[Agda] Agda beginner.

[Sergei Meshveliani]

On Sun, 2015-04-26 at 18:52 +0200, Serge Leblanc wrote:
> Can anyone show me how one proves eq-mult? Thank you!
> 
> 
> module Hermes where
>   open import Data.Nat
> 
> _⊹_ : ℕ → ℕ → ℕ
> n ⊹ m = fold m suc n
> 
> _⋆_ : ℕ → ℕ → ℕ
> n ⋆ m = fold zero (λ x → x ⊹ m) n 
> 
> data _≡_ {A : Set} : A → A → Set where
>   refl : (a : A) → a ≡ a
> 
> eq-suc : {n m : ℕ} → n ≡ m → suc n ≡ suc m
> eq-suc (refl x) = refl (suc x)
> 
> eq-plus : (n m : ℕ) → (n + m) ≡ (n ⊹ m)
> eq-plus zero m = refl m
> eq-plus (suc n) m = eq-suc (eq-plus n m)
> 
> eq-mult : (n m : ℕ) → (n * m) ≡ (n ⋆ m)
> eq-mult zero m = refl zero
> eq-mult (suc n) m = {!!}
> [..]
> 

See the attachment.
It
1) imports _≡_ and refl           from Standard library,
2) applies  +-comm  and  PE.cong  from Standard library,
3) applies the  begin_ ... _∎  function from Standard library to compose
                               equalities by transitivity.

Alternatively, you needed to prove the congruence of _⊹ _ by the first
argument.

Regards,

------
Sergei

-------------- next part --------------
open import Data.Nat
open import Data.Nat.Properties.Simple                  using (+-comm)
open import Relation.Binary.PropositionalEquality as PE using (_≡_; refl)
open PE.≡-Reasoning renaming (_≡⟨_⟩_ to _≡[_]_)

_⊹_ : ℕ → ℕ → ℕ
n ⊹ m = fold m suc n

_⋆_ : ℕ → ℕ → ℕ
n ⋆ m = fold zero (λ x → x ⊹ m) n 

eq-plus : (n m : ℕ) → (n + m) ≡ (n ⊹ m)
eq-plus zero    m = refl  
eq-plus (suc n) m = PE.cong suc (eq-plus n m)

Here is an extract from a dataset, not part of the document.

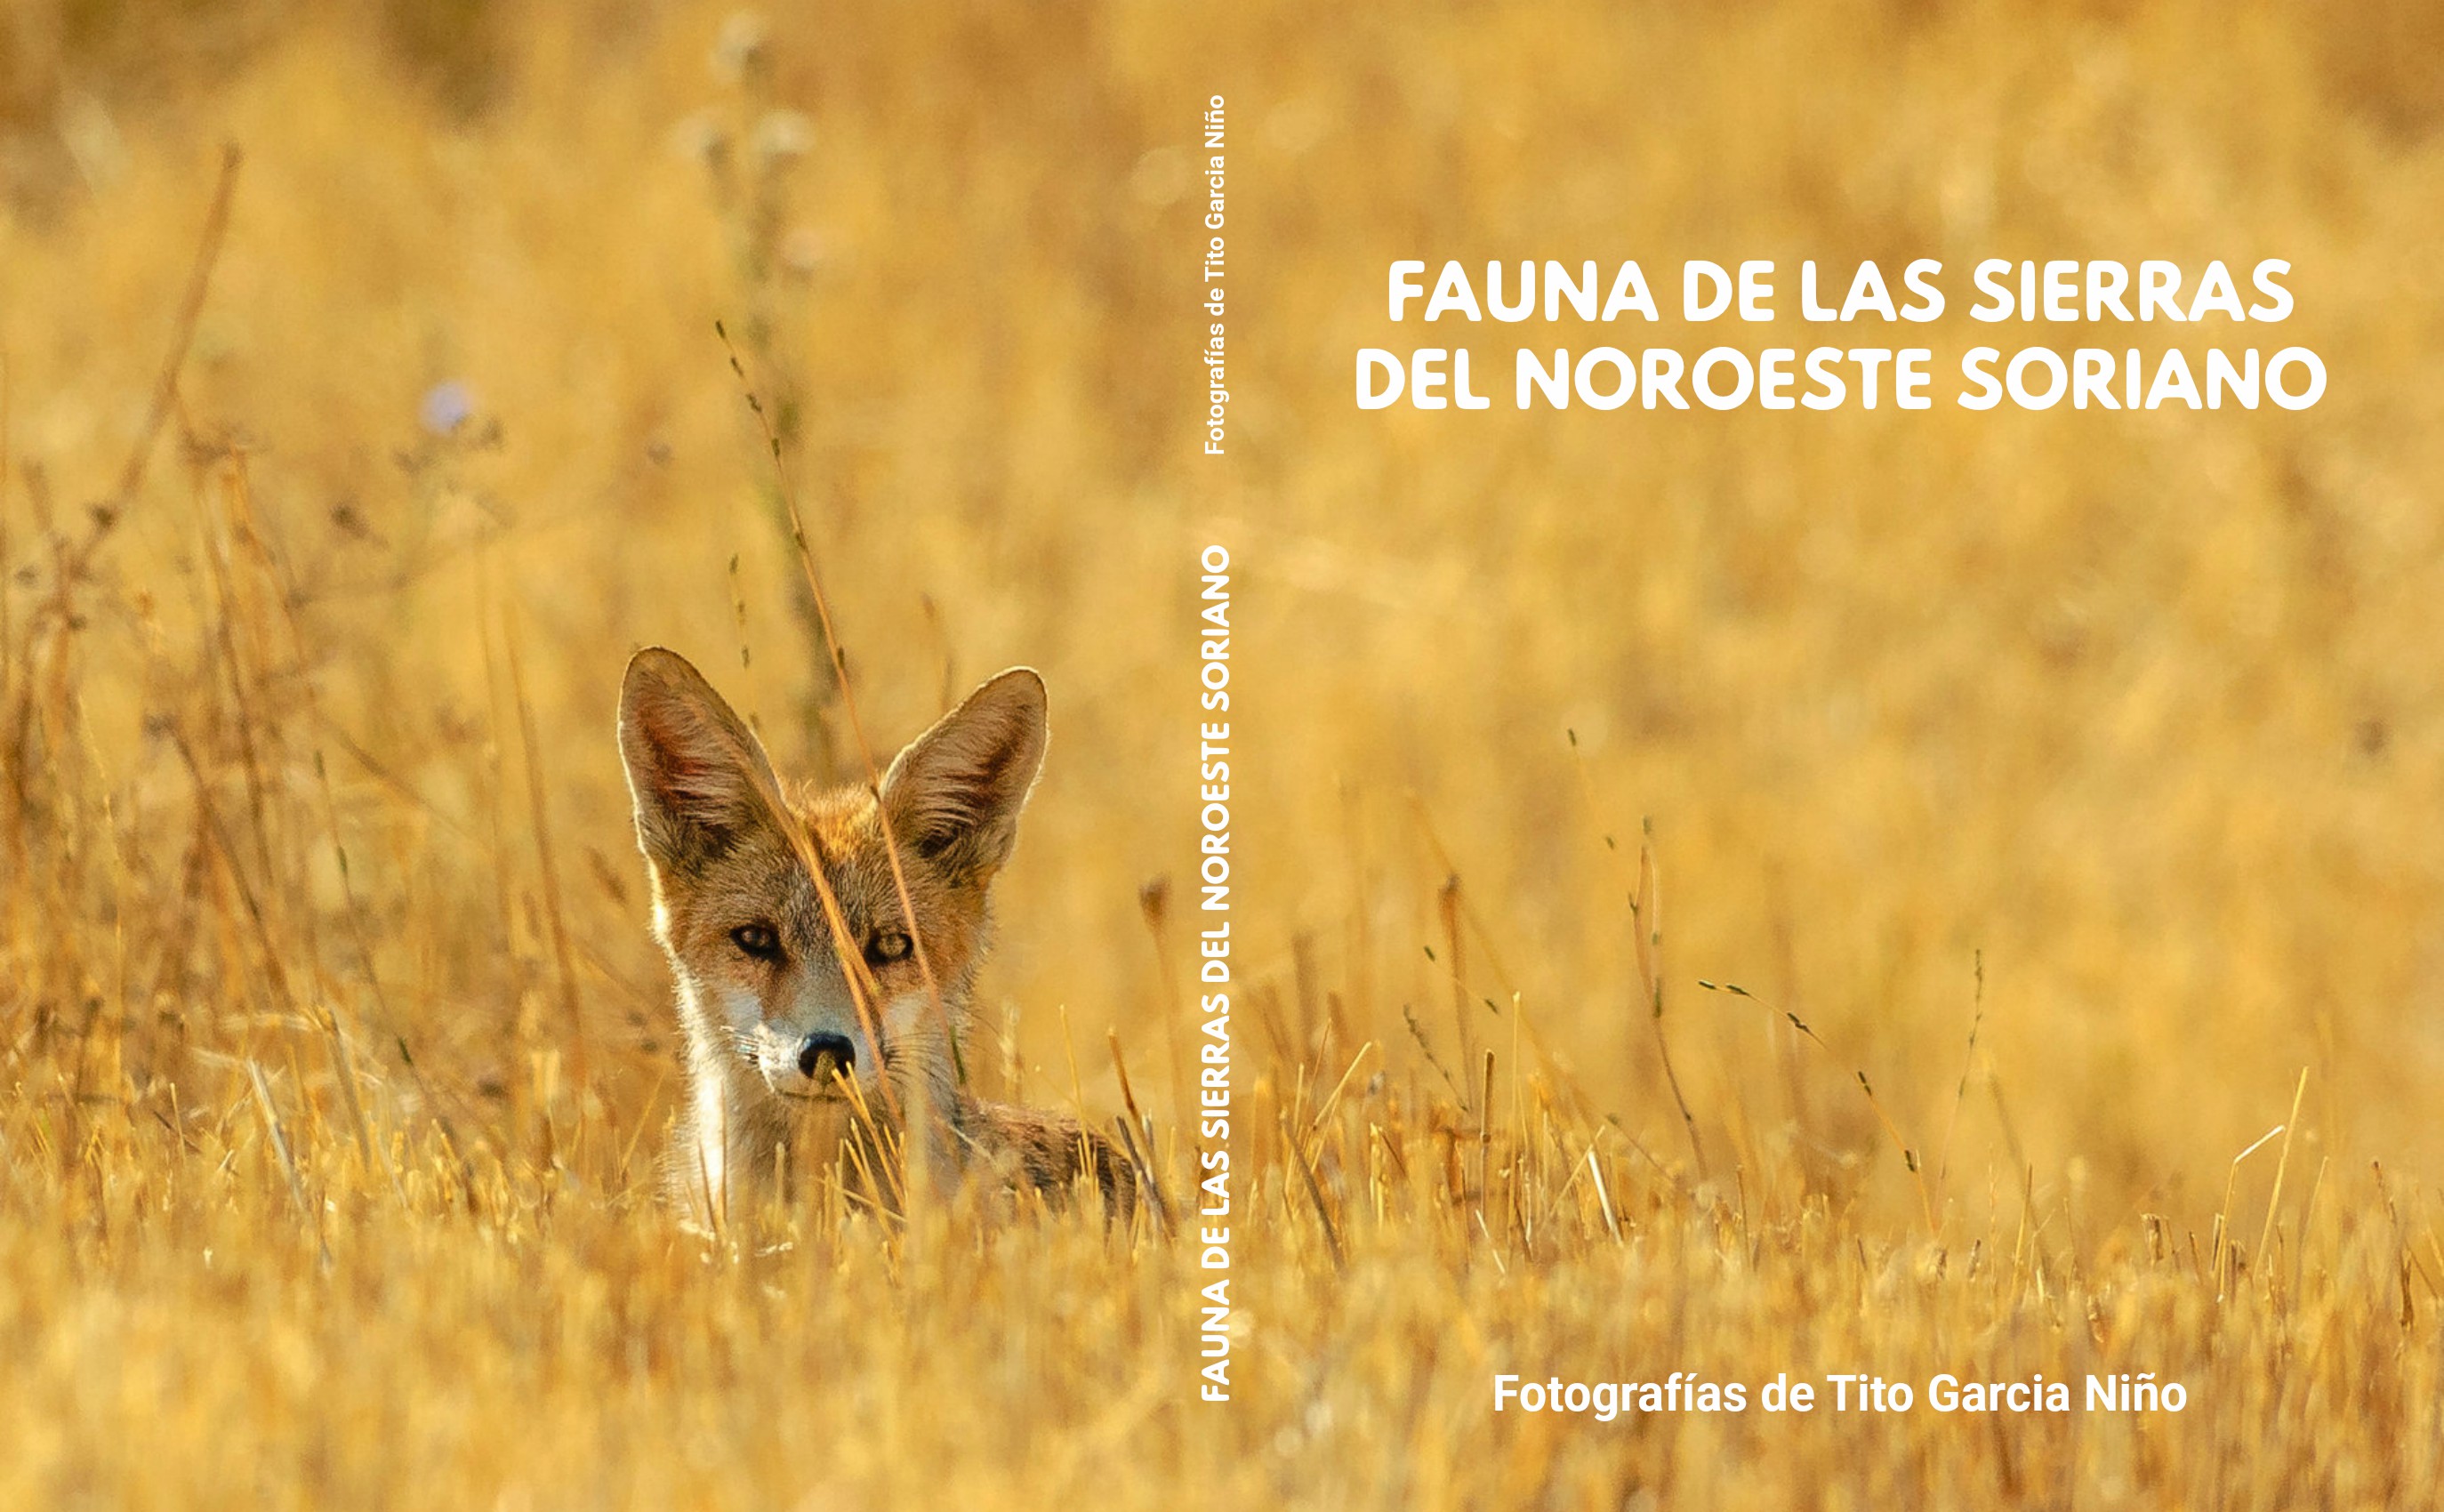 Fauna de las Sierras del Noroeste Soriano. Fotografías de Tito Garcia Niño.

eq-mult : (n m : ℕ) → (n * m) ≡ (n ⋆ m)
eq-mult zero    m =  refl 
eq-mult (suc n) m =  
                begin  
                  suc n * m     ≡[ refl ]
                  m + (n * m)   ≡[ +-comm m (n * m) ]
                  (n * m) + m   ≡[ eq-plus (n * m) m ]
                  (n * m) ⊹ m   ≡[ PE.cong (\x → x ⊹ m) (eq-mult n m) ]
                  (n ⋆ m) ⊹ m  
                ∎